Create a helpful narrative that enables you to make sense of the uncertainty. One of the CEOs that I interviewed, told me that of all the things required of him, by far the most important is conveying and communicating meaning to his employees. And he told me that it’s equally important in good times as tumultuous. If circumstances are challenging, what narrative can you create that will make them less so? If an outcome is unknown, or won’t be known for awhile, as is so often the case in business, how can you frame the events so that your team is inspired and galvanized rather than defeated and siloed?
#3: Find and Protect the Passion.
You want to be the best in your field? You find fun in closing the deal? Maybe your jam is to lead and develop your team. Or, perhaps, you’re fueled by working on some of the world’s toughest problems. Find that thing in your work that is your excitement and fun and joy and don’t relinquish it. Particularly when things get topsy-turvy. The world may be spinning, but whatever you’re passionate about will sustain you. It’s one of the three fuel lines of Magnificent Leadership® for endurance over the long haul. It matters. A lot.

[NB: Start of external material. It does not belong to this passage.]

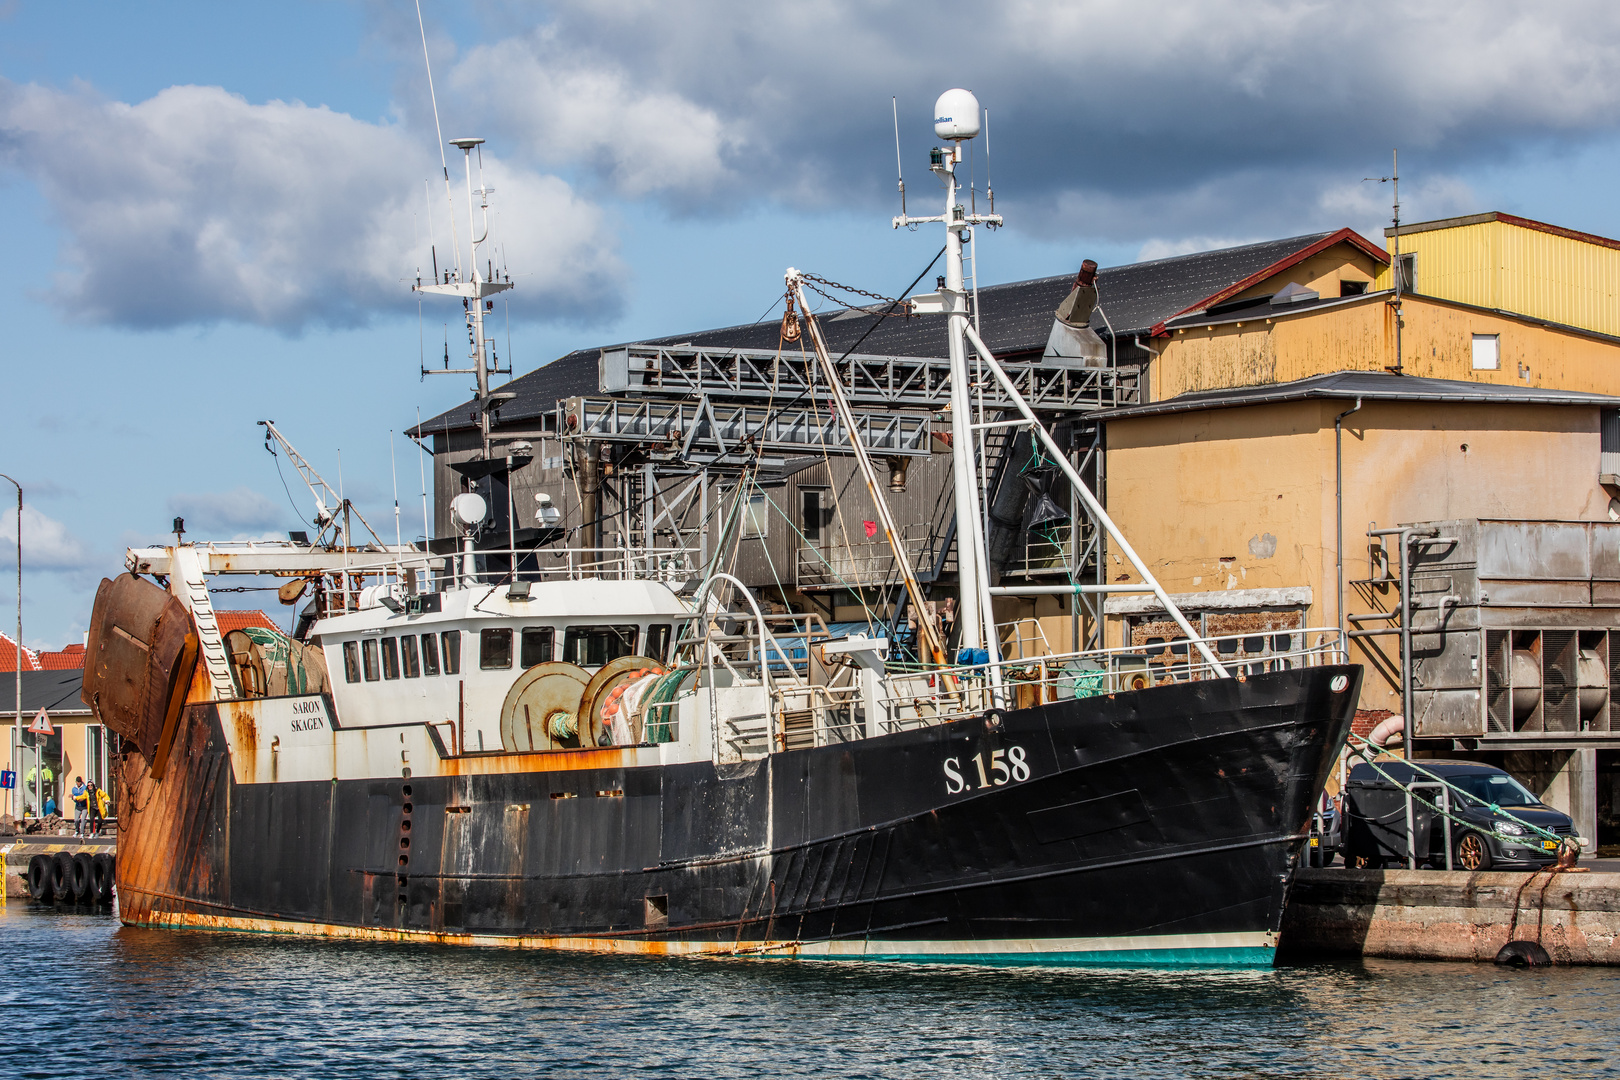 S.158 - SARON im Hafen von Skagen

#4: Take Appropriate Action.
You’ve accepted that things are upside down for the time being. You’ve found meaning in the circumstances or have created a narrative that makes sense to you. You’ve held on to your love of what you do, even in the midst of the whirlwind. Now make a plan. Keep a sharp focus on future success while at the same time remaining open to iteration. In times of tumult, the landscape is often shifting, and often rapidly. Holding a steadfast gaze on future success in conjunction with taking appropriate action, while at the same time being open to the alternate possibilities that present themselves, ensures that you’re responding to the circumstances at hand while remaining future-focused.
#5: Find Someone to Hold the Vision.
In the realm of the uncertain, doubt and fatigue can be our greatest enemies. Over and over again, the successful leaders that I spoke with all had at least one person who “got” them, someone who not only supported their aspirations but was there in times of trial. Someone whom they trusted to confide in, let down their guard with, and who reminded them of what was possible when it became obscured. Magnificence is not a solo journey. Find someone who will help you re-ground to your own possibility, strength, and the bedrock of what you know to be true. That bedrock can often be captured in simple mantras (all the CEOs that I interviewed had them), those pieces of wisdom that we turn to in times of challenge that give us comfort and reassurance.

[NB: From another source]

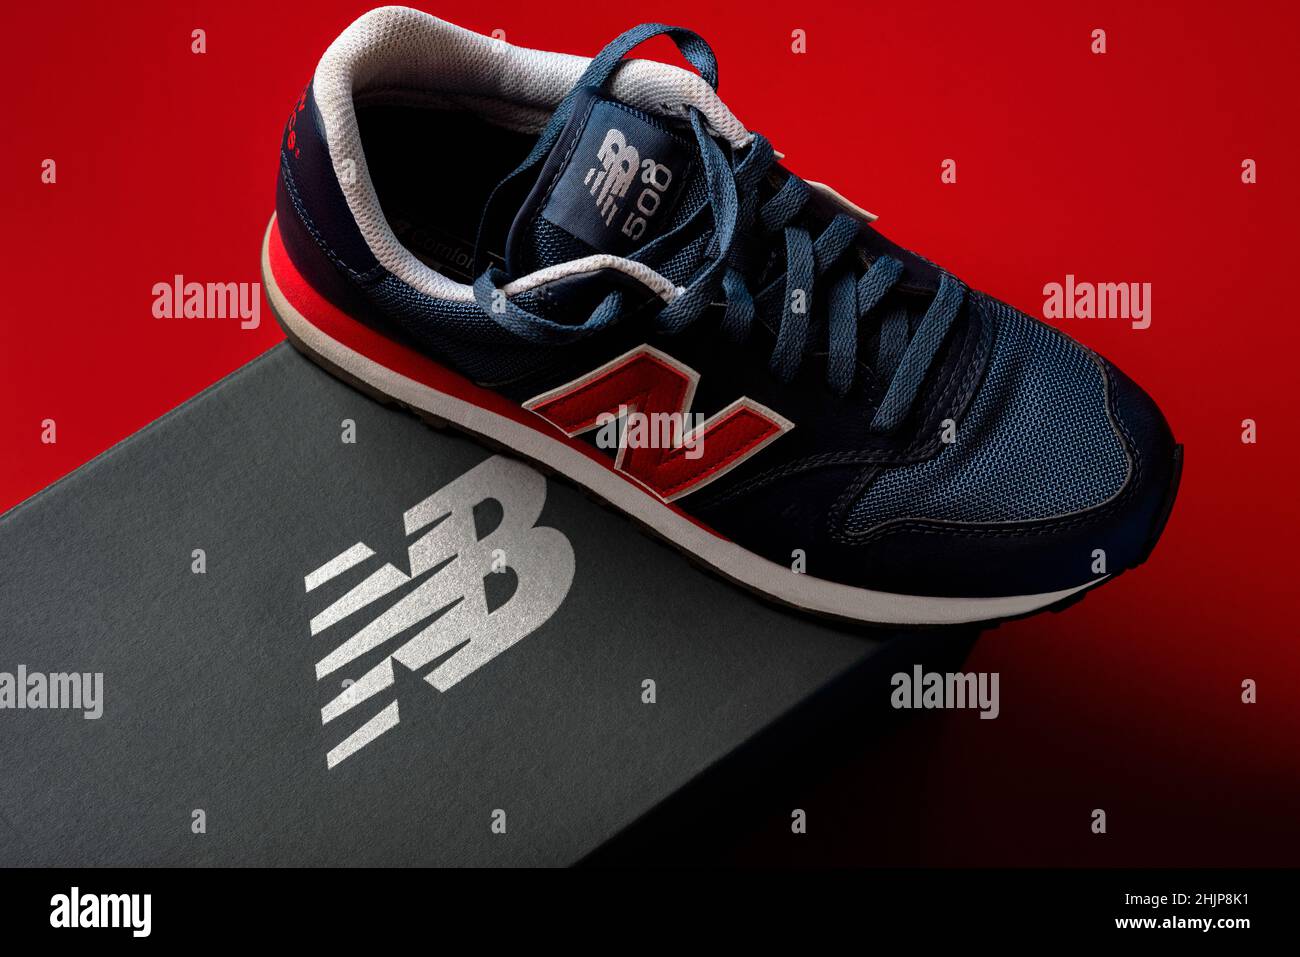 Nouvelles sneakers Balance 500 bleu foncé avec la boîte grise New Balance sur fond rouge.Chaussures de sport décontractées à gros plan Banque D'Images

All of the leaders that I interviewed for The Making Magnificence Project® navigated significant periods of uncertainty and limbo, times when they didn’t know what would come next, good or bad, when the outcome was likely not known for quite some time, when the sands beneath their feet were shifting. For my clients in executive leadership, that’s often a daily reality. Common examples include: key projects that have substantial glitches; star team members that leave and leave a hole; racing to get to market first; prolonged mergers that leave things up in the air with a tight lid on communication and information; shakeups on SLTs that make people nervous; new CEOs who turn up the dial on expectations and culture in the best ways and are met with deep resistance. The list is long. Infinite, really. You could probably give three examples right now of important matters at stake with unknown outcomes.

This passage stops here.